Start of Block

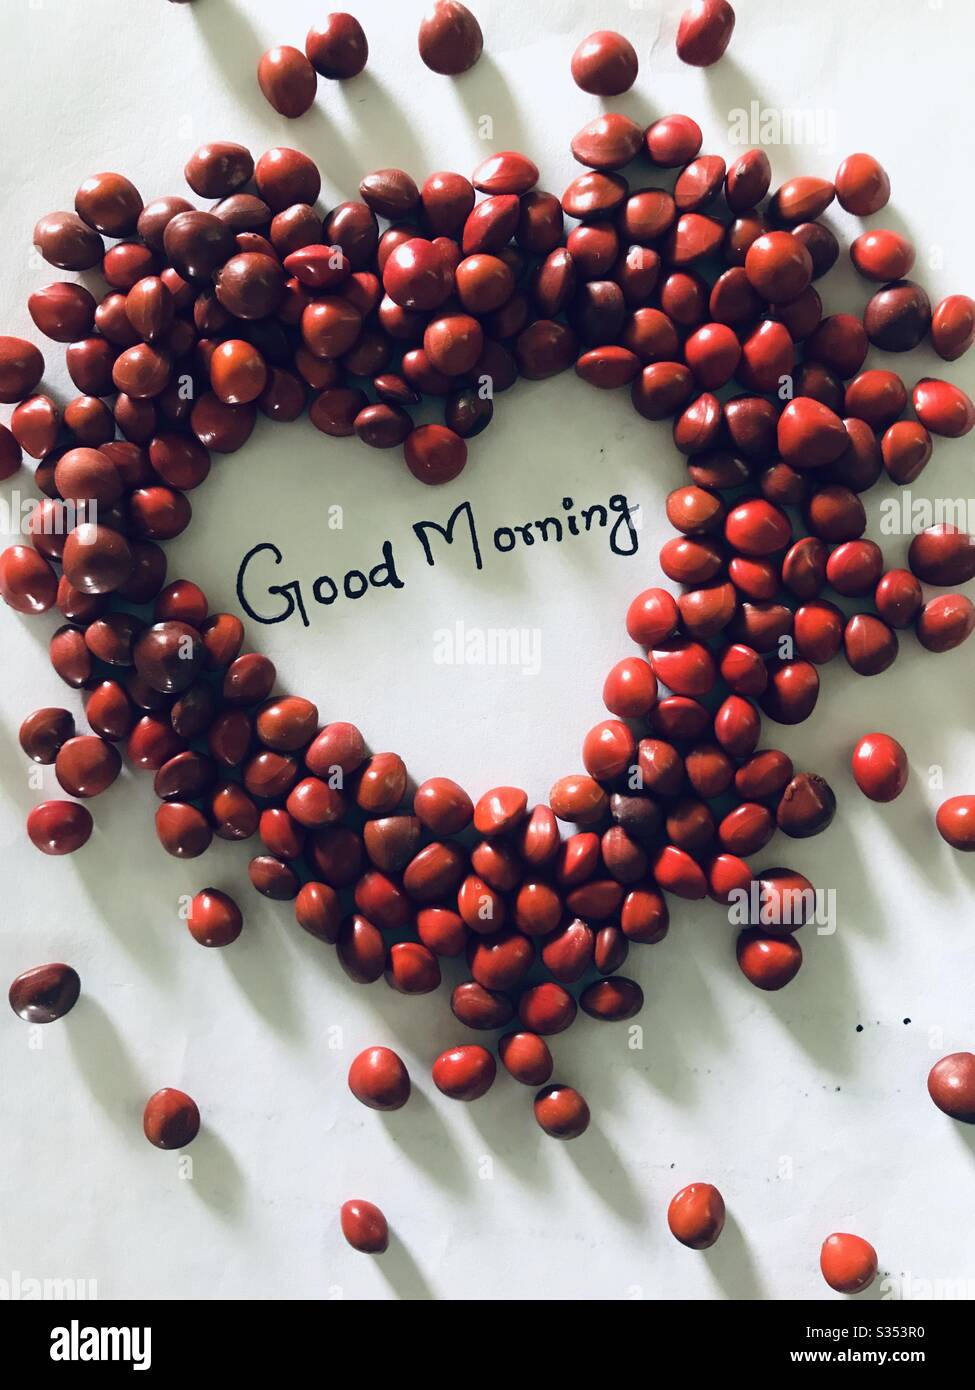 Adenanthera red beads in shape of heart with words Good Morning hand written, with white surface background. Morning message for friends,Manjadikuru in malayalam, dramatic look with multiple shades Stock Photo
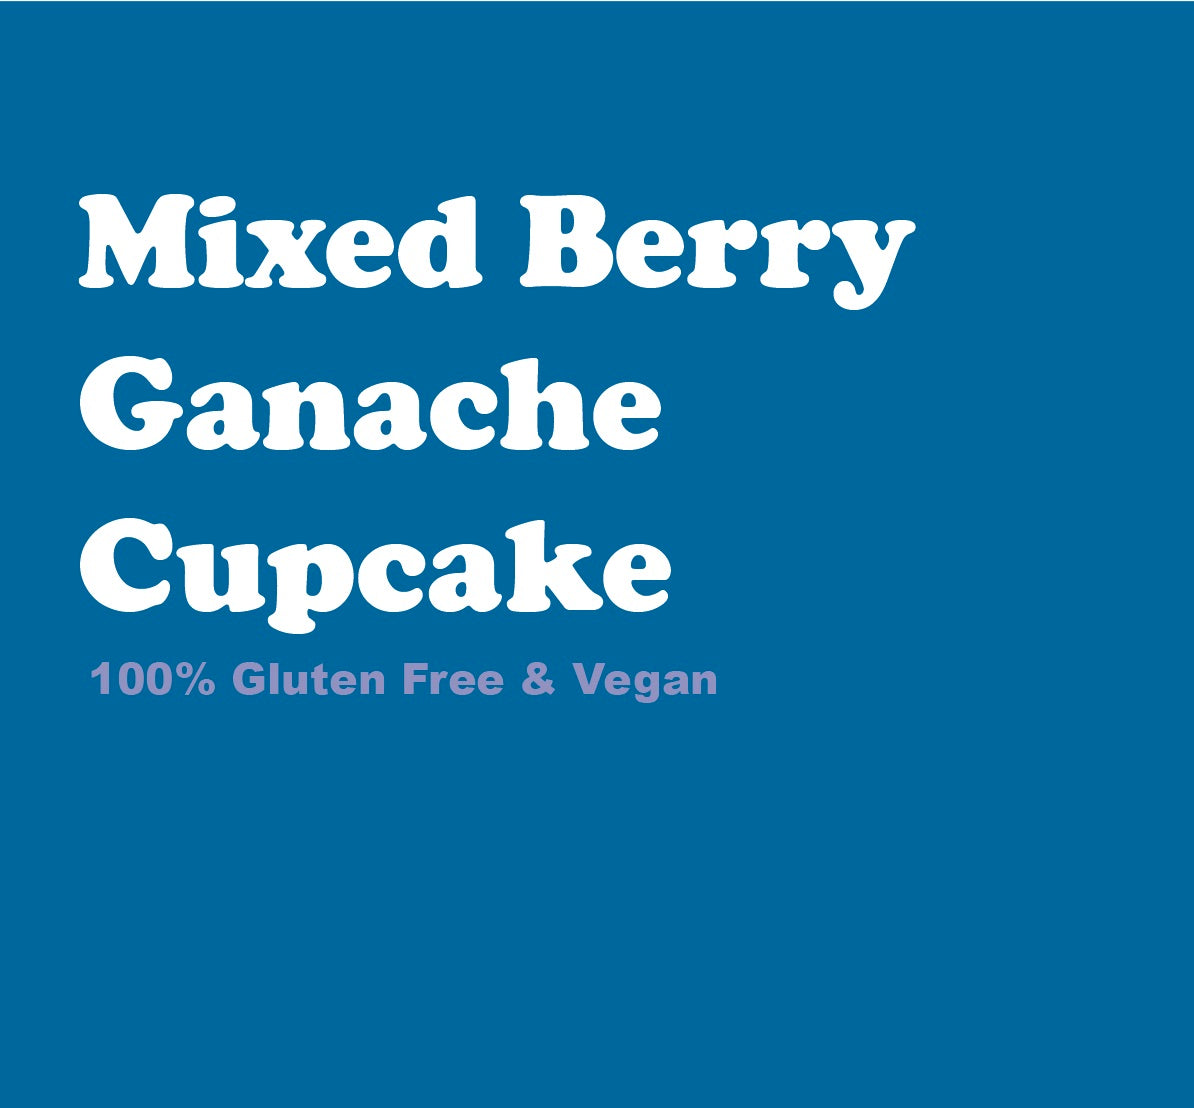 Mixed Berry Ganache Cupcakes (4 PACK)
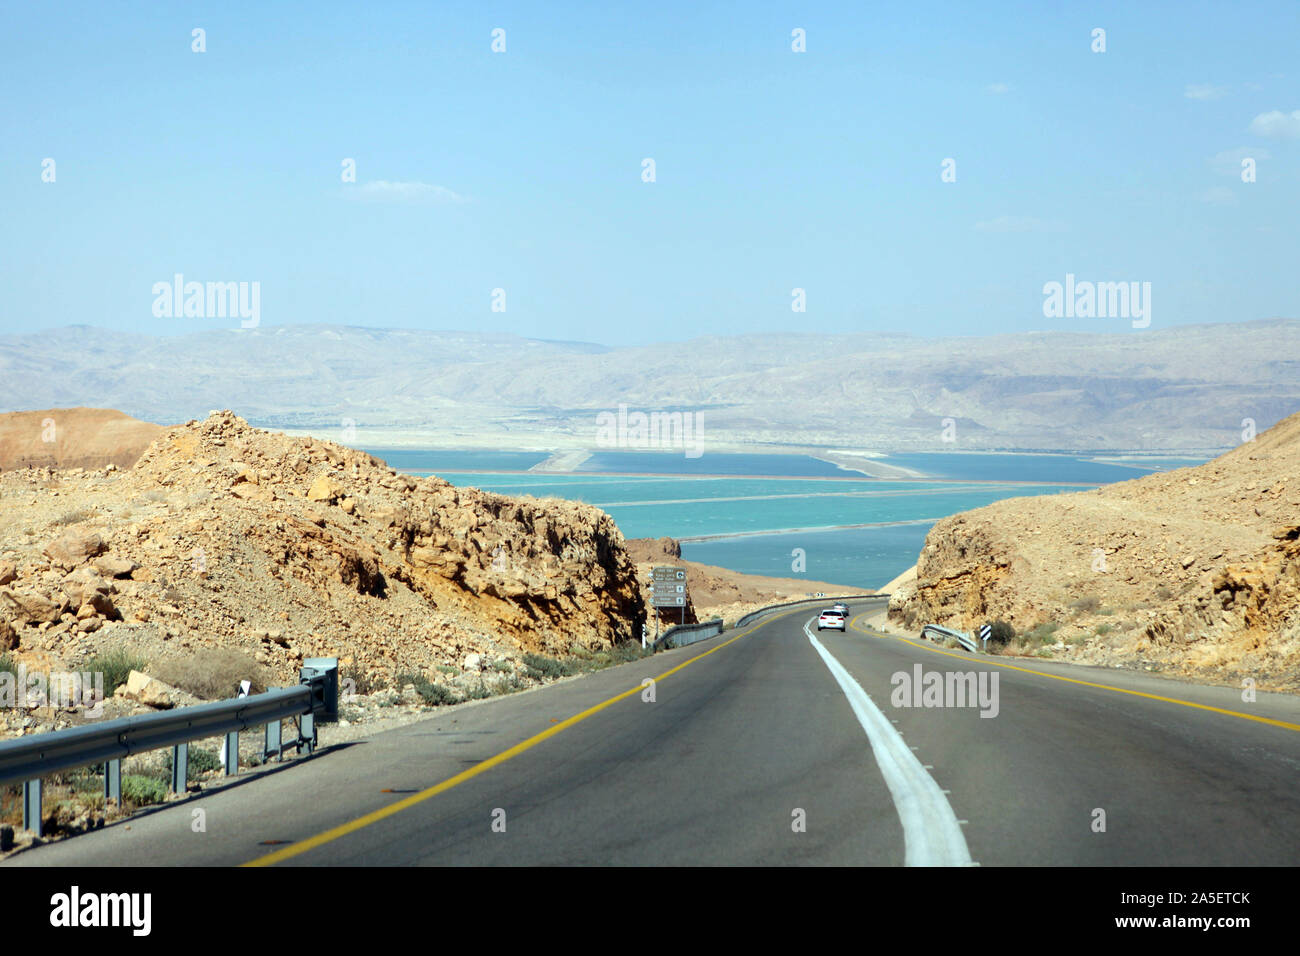 Deadseaview on a curvy sandy road on a highway that runs along the Dead Sea from one side and Edom Mountains at Arava Desert from the other in Israel. Stock Photo

End of Block

Nothing should appear in the answer except the lines from the one containing "Mixed Berry Ganache Cupcakes (4 PACK)" through the last line of the listing, given again exactly and with no pictures.

 Mixed Berry Ganache Cupcakes (4 PACK)
 Deadseaview on a curvy sandy road on a highway that runs along the Dead Sea from one side and Edom Mountains at Arava Desert from the other in Israel. Stock Photo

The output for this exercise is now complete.